Post-Nice: France gave up liberty for no more security

Amidst the klieg lights of the Republican National Convention and the tension of the post-coup crackdown in Turkey, it’s been easy to forget about last week’s appalling terrorist attack in Nice. Mohamed Bouhlel, a self-anointed “soldier of Islam,” mowed down a crowd of Bastille Day revelers in a tractor-trailer truck, killing 84 and injuring many more. This week, France mourns, as it has all too often over the past year.

Think too hard about the murders and they chill your bones. A lone wolf killed more people than the Orlando nightclub shooter and the San Bernardino jihadists combined, without the aid of a conventional weapon, using the kind of vehicle that’s passed by my window several times since I started writing this column. How exactly do you stop such an attack? Implement “truck control”? Disperse celebrations on the French Riviera? (Good luck with that.)

If you’re a foreign policy hawk, then your solution is the same as after every terrorist attack: more surveillance and more power to the national security bureaucracy. This isn’t just an affront to liberty; it’s guaranteed to be ineffective. The fact is that France already has a latitudinous surveillance law — call it the Patriot Act on steroids — and it not only failed to stop Bouhlel, it may have made his capture even less likely.

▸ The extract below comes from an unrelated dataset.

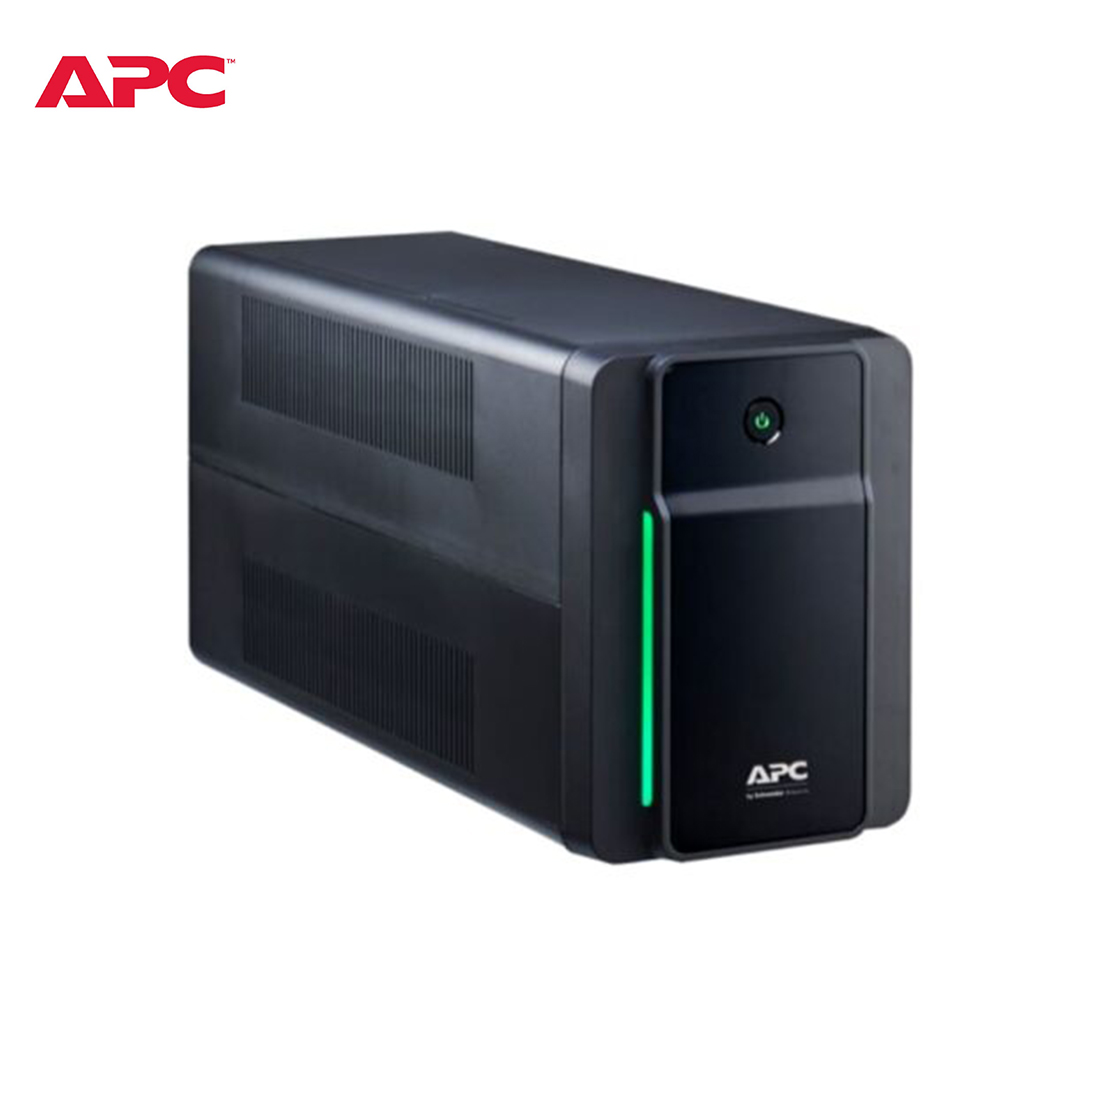 APC-Back-UPS-1200VA-230V-AVR-Universal-Sockets

Four months after a terrorist attack that targeted the Charlie Hebdo satirical magazine, the French parliament passed an expansive surveillance package. The new powers were needed, said French Prime Minister Manuel Valls, because France hadn’t updated its surveillance provisions since 1991, long before the proliferation of cell phones and the Internet. Fair enough, but there was another likely reason Valls was pleased with the law: it grants him—him personally—massive new powers.

The law allows French security services to peep at phone calls and Internet communications without obtaining a warrant, as do current American statutes. But our NSA must at least present its case to the Foreign Intelligence Surveillance Court (FISC). This is a glorified rubber stamp — the FISC has waved through more spooks than the parking-lot attendant at Langley — but at least in theory, it’s a layer of accountability. France’s power of oversight, on the other hand, is vested in a committee chaired by Valls, who can singlehandedly override the other members’ objections.

The equivalent here in America would be Paul Ryan gaining access to every one of our calls and emails. One imagines him in that red baseball cap at the gym, pumping iron in one hand and scrolling through metadata with the other. It’s the very definition of an autocratic system.

There’s plenty more. The French law also forces Internet Service Providers to install “black boxes” that vacuum up metadata and make it accessible to intelligence agencies. It contains a “sneak-and-peek” provision similar to the Patriot Act, which allows government operatives to break into suspects’ homes and monitor them. And it green-lights the use of ISMI catchers — essentially incognito cell towers, they sweep up all phone communications within a given area, including, if needed, people’s locations.

Even worse, while the Patriot Act is explicitly limited to terrorism, the French law applies to other cases, including those of “organized delinquency.” So at least all the disorganized delinquents in France can rest easy. It can also be activated to protect the country’s “economic, industrial and scientific interests,” which is so elastic as to include just about everything. Sen. Rand Paul was absolutely correct to call the French law “a thousandfold more invasive” than anything on the books in America.

All this surely means the French are suffering the same problem that’s confounded the NSA since it was expanded after 9/11: a glut of useless information that makes it tougher to track the actual evildoers. With endless data flowing in, preventing terrorism has gone from finding needles in haystacks to finding needles on hay farms. None of the provisions listed above would have stopped Bouhlel, who had no connections to ISIS and a record of only petty crime.

This is the great divergence of modern surveillance: as intelligence agencies modernize their craft, terrorists elude them by going back to basics. How do you stop a truck? How do you neutralize a non-threat? Certain reforms, like increased intelligence-sharing among European nations, might help. But more surveillance itself certainly isn’t going to do the trick.